Convoqué jeudi, le couple a passé deux heures dans les bureaux de l’île de la Cité. Ils y sont rentrés en tant que clandestins. Après quelques formalités
administratives (présentation des passeports, des actes de naissance et des certificats de scolarité des enfants…), ils en sont ressorti « en toute légalité
», plutôt surpris que « ça se soit passé aussi vite ». Pourtant, si leur situation a changé en deux heures, grâce à un dossier complet, il aura fallu cinq ans
pour que la régularisation aboutisse.
Oublier ce qu'il y a là-bas
Rayonnante avec son ventre rebondi de sept mois, Nora devient sombre quand elle évoque sa vie algérienne et le parcours du combattant pour obtenir
des papiers français. Née à Oran, elle a été mariée de force à 18 ans.

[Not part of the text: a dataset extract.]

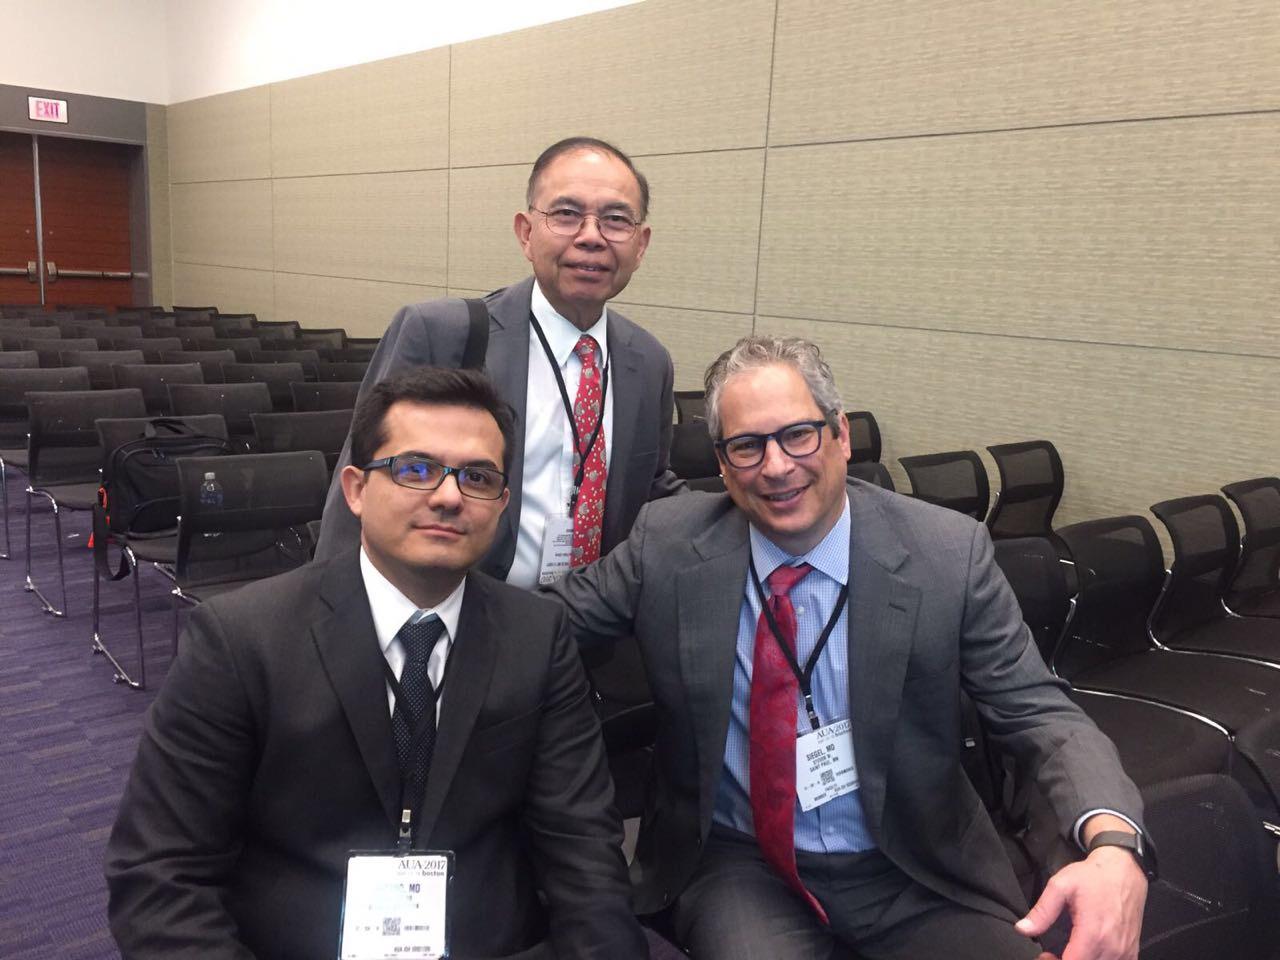 American Urology Association annual meeting. Boston .EEUU. 2017

Elle a donné naissance à Younes il y a onze ans, a divorcé et s’est mariée à Hedj en
cachette. Le couple et le petit garçon de cinq ans sont arrivés d’Algérie en 2001, avec la ferme volonté d’« oublier ce qu’il y a là-bas ». Pour Nora, le
drapeau tricolore symbolise des droits dont elle était privée au bled : « Depuis toute petite, je rêve de la France, parce que j’y suis plus libre ».

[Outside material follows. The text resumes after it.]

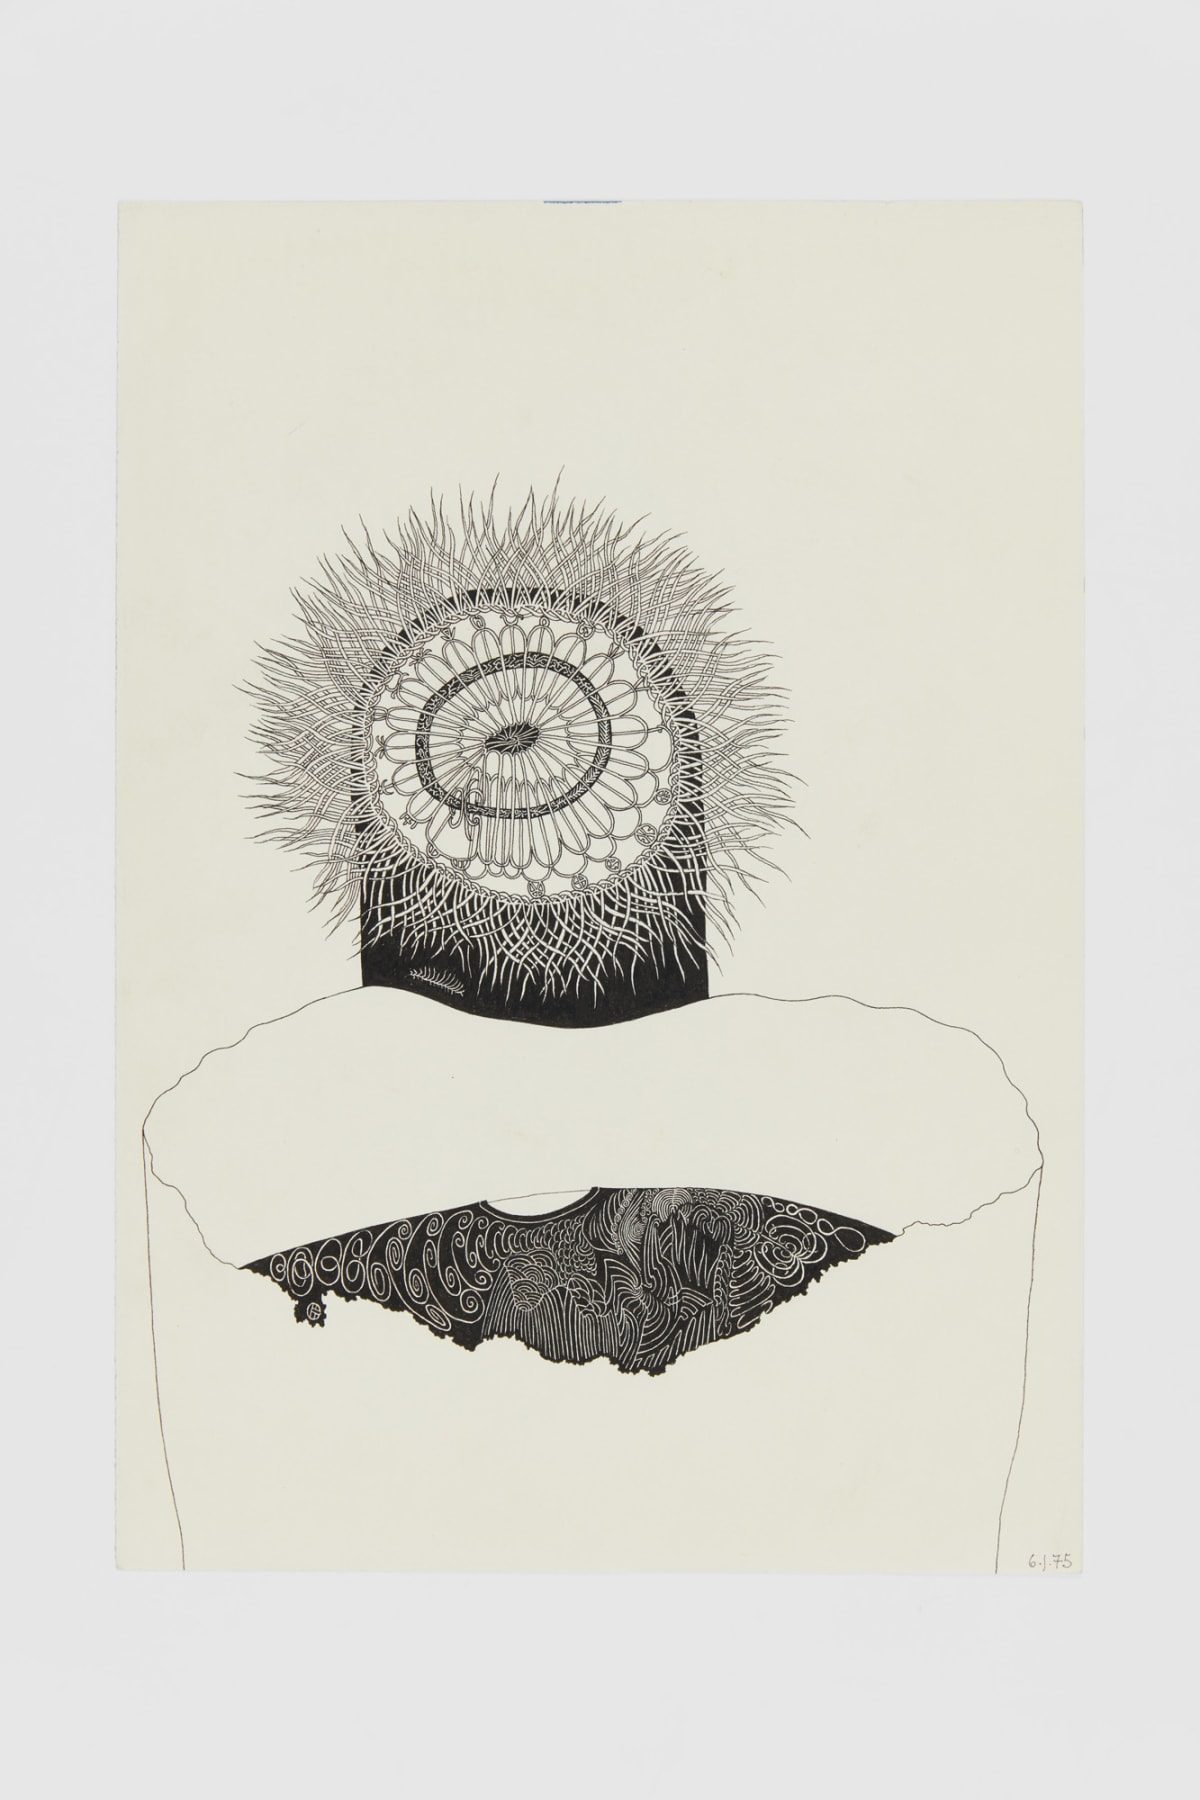 Ann CHURCHILL 6.1.75 (Daily drawings), 1975 Pen on paper 29.7 x 20.9 cm

La gauche est alors au pouvoir. Ils y placent leurs espoirs de régularisation. « J’ai fait ma demande d’asile, j’ai obtenu quatre récépissés, valables trois
mois chacun. Je suis tombée enceinte, ce qui aurait dû me permettre d’obtenir des papiers. » La petite famille est trimballée d’hôtels en foyers
financés, selon les circuits qu’emprunte leur dossier dans les rouages administratifs, par la préfecture, le Samu social ou Emmaüs. C’est d’ailleurs à
l’hôpital d’Emmaüs que Nora donne en 2002 naissance à des jumelles, Ikram et Saliha. De rejets de demandes d’asile en recours, ils vivotent. Les
biberons chauffent dans les lavabos des chambres d’hôtel, Nora travaille au noir comme femme de ménage chez des particuliers pendant qu’Hedj
s’occupe des enfants
En mai 2005, la préfecture de Paris leur accorde un permis de séjour de neuf mois. C’est une renaissance. Ils trouvent du travail, reçoivent des feuilles
de salaire. Mais à l’expiration du permis, en février, c’est le retour à l’illégalité. Jusqu’à la kermesse de l’école le 23 juin. Autour d’un goûter d’enfants,
Nora a raconté son histoire à Cécile et Isabelle. Qui décident d’aider la jeune mère à constituer le dossier gagnant.